Immigrants on the border commonly live with fear and uncertainty. The bonds of trust and hospitality that are so essential to the human family's well-being often break down for them, Bishop Flores indicated. The violence and fear familiar to great numbers of migrants have had "had a corrosive effect on the most basic of human relations," he said.

On both sides of the border, he suggested, "people look suspiciously at their neighbors and at strangers. People watch what they say and where they say it."

Today, "a real and deadly enemy of human life" is faced in the border region, according to the bishop. This enemy "has many facets." He explained that it includes:

-- "The drug trade."

-- "The insatiable appetite for drug consumption."

-- "The human trafficking trade that makes money off of children and defenseless adults."

-- "The wanton trafficking in guns, itself a lucrative trade flowing from the American side to the Mexican side of the border."

The bishop found it especially disturbing that children, as young as about 10, are enlisted and paid in the region to run drugs across the border or to bring something back. In light of such concerns, he believes "the most urgent aspect of immigration reform has to do with keeping families together."

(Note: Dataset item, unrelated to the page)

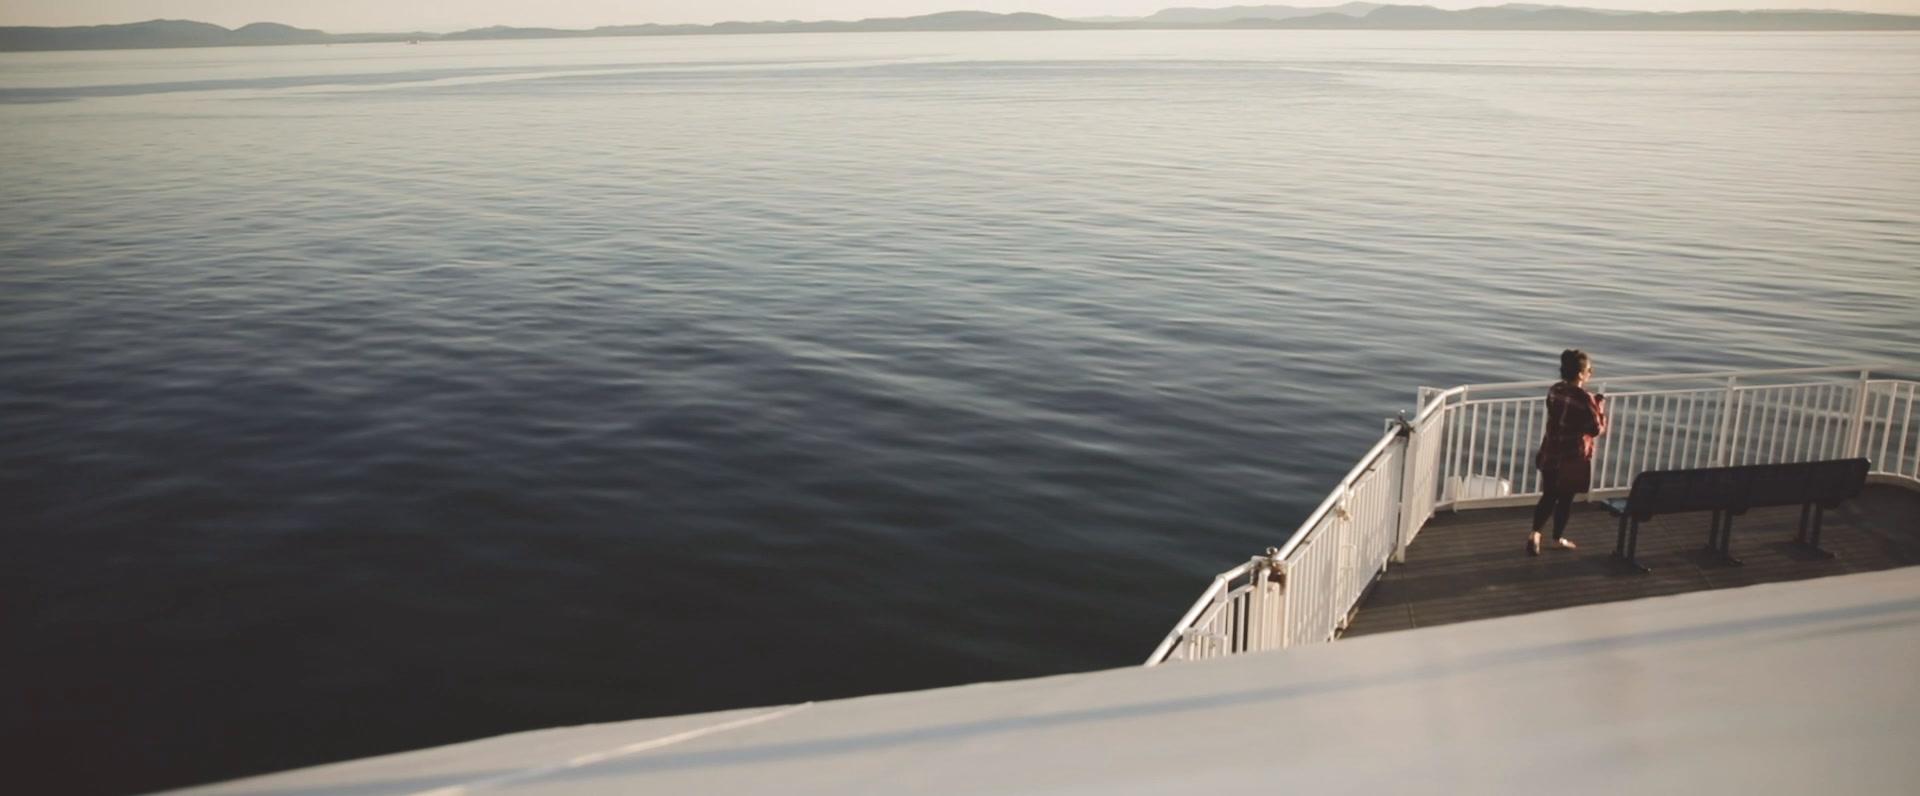 Callie + Zach | Galiano Island, Canada | Bodega Ridge

Bishop Flores explained that "at present, parents who work here or seek refuge here without documentation are often quickly deported, leaving their children in the United States under the care of neighbors or relatives." But "children need their parents, and parents need to spend time with their children."

It is within the family structure that "hope, compassion, justice and mercy are most efficaciously taught," the bishop said. Yet, he added, "if parents are not around, the vacuum is filled by other, often sinister voices and examples."

Despair can be the product of these kinds of forces, said Bishop Flores. He appears convinced that "the current reality" in the Rio Grande Valley can tear "family life apart," thus feeding lawlessness and despair. (Bishop Flores' speech appeared in the edition of Origins, CNS Documentary Service, dated March 21, 2013.)